_Material to process_.
......

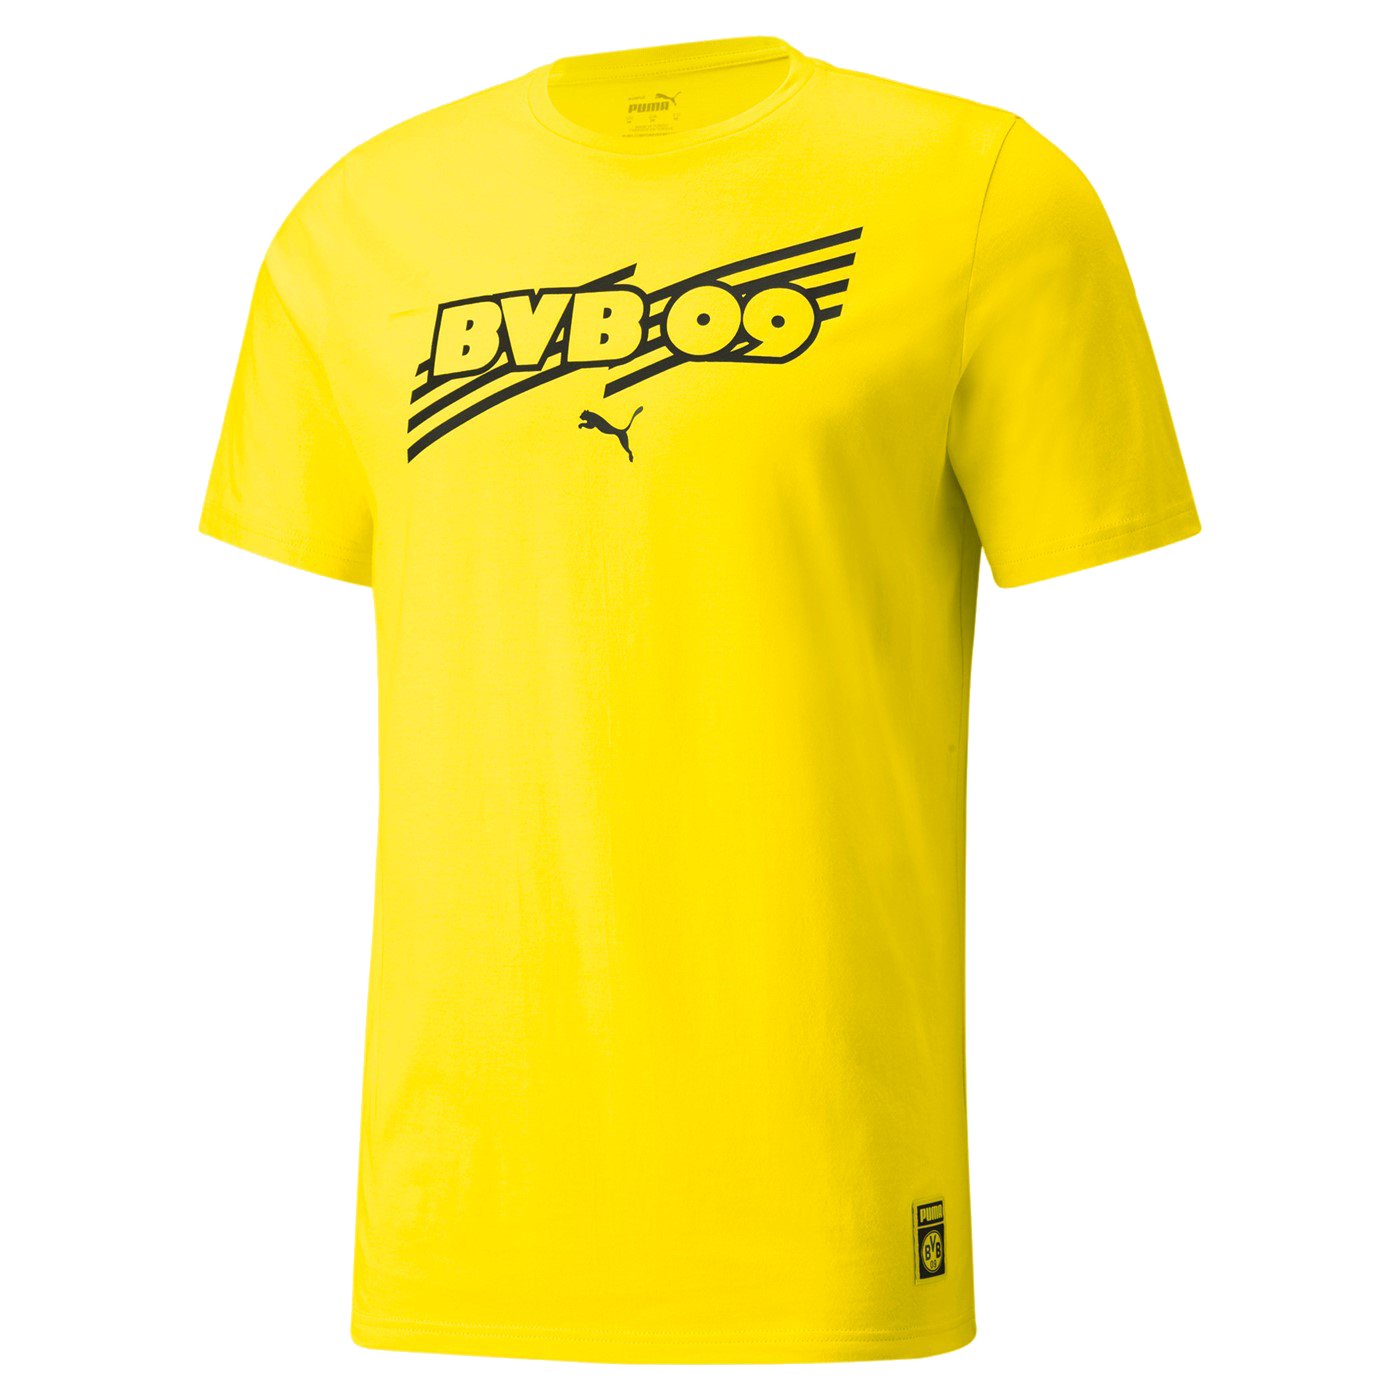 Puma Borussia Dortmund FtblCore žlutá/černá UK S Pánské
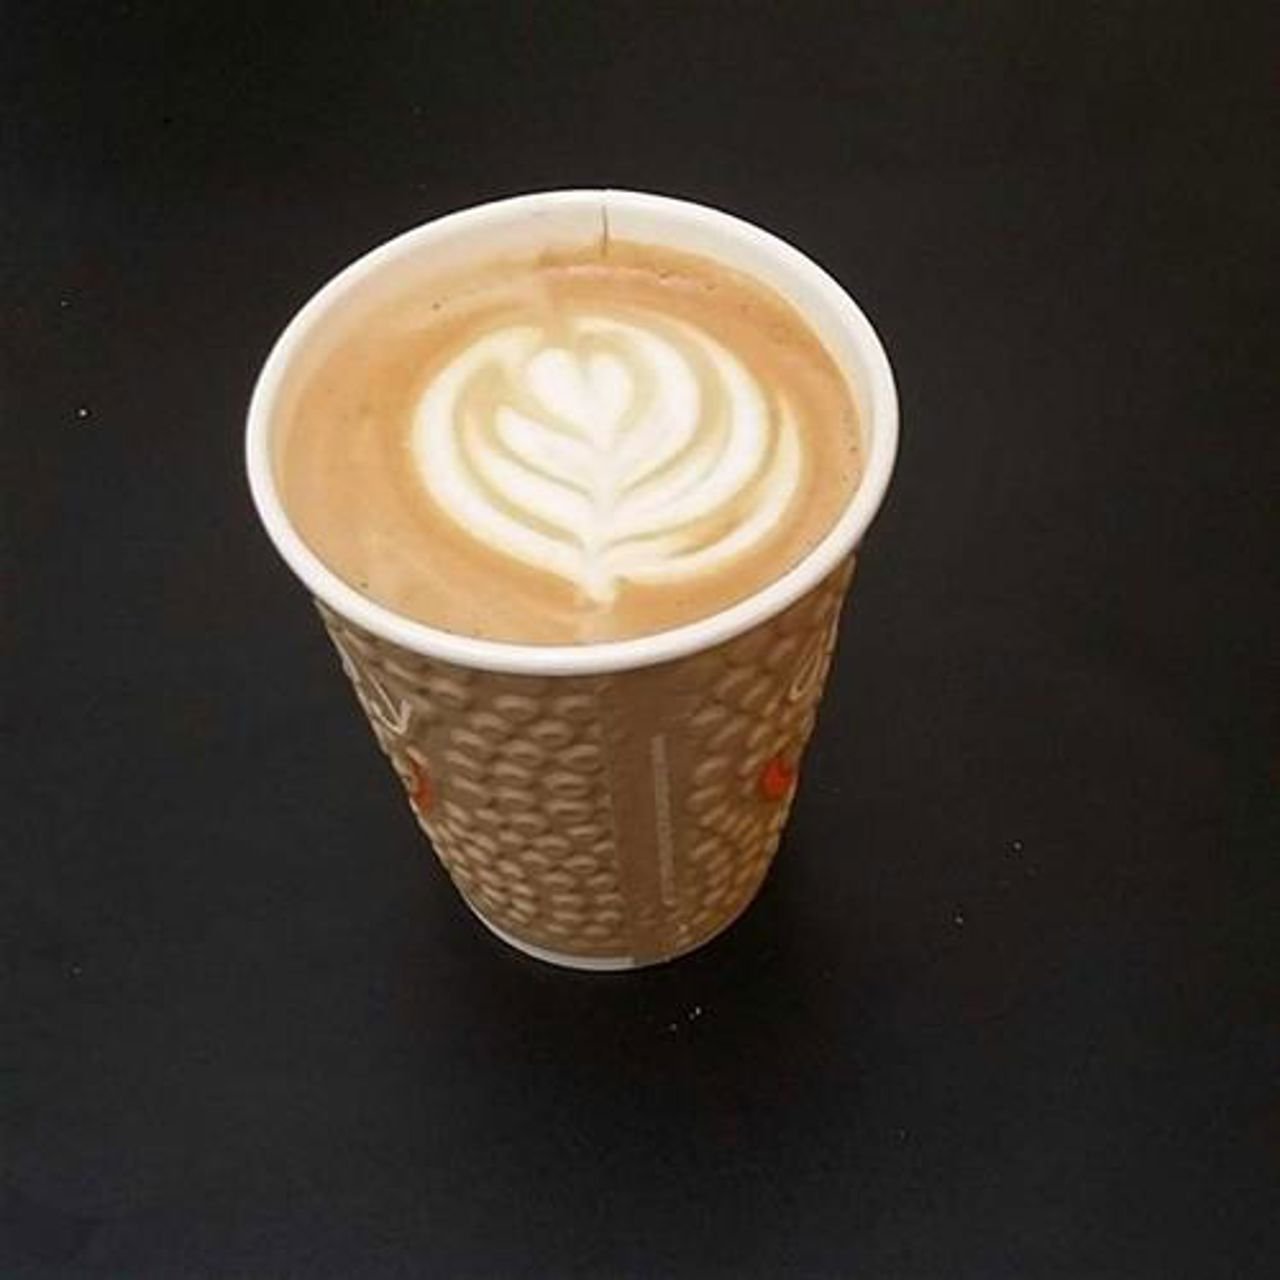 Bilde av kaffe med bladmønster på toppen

......

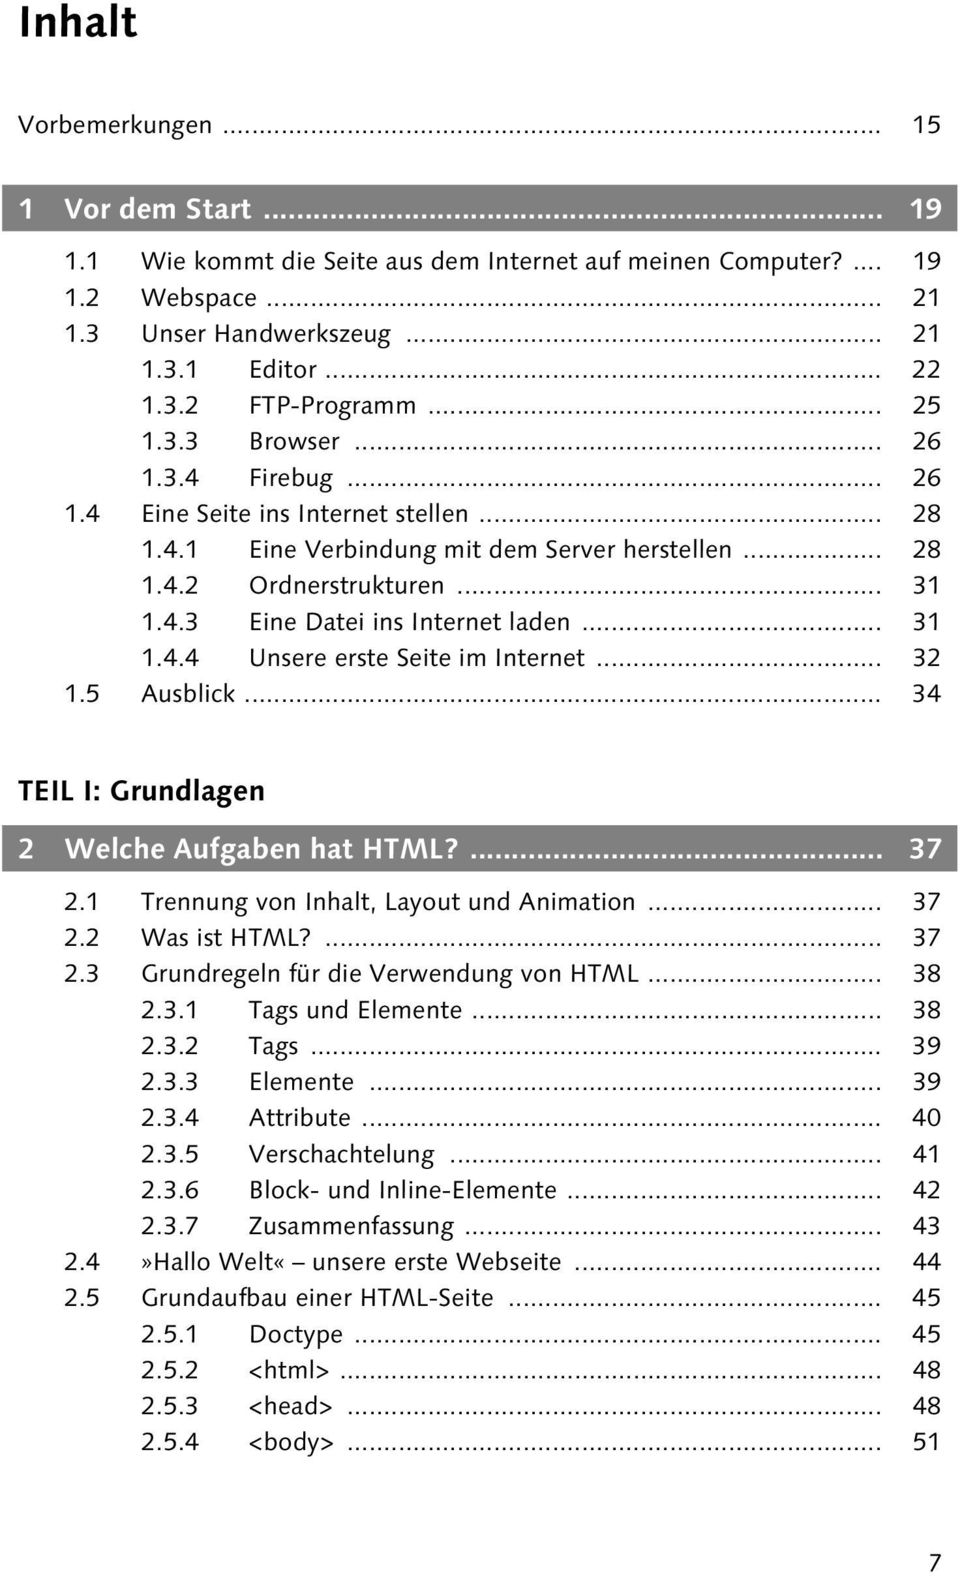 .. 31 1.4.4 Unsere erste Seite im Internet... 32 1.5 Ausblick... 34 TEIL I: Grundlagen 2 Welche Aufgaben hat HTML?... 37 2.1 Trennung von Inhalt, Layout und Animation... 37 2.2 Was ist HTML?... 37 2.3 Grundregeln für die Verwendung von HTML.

......

What is needed is an exact copy of the lines above, from the one holding "Puma Borussia Dortmund" down to the one holding "Bilde av kaffe med bladmønster på toppen", with those two included and the pictures left out.

 Puma Borussia Dortmund FtblCore žlutá/černá UK S Pánské
 Bilde av kaffe med bladmønster på toppen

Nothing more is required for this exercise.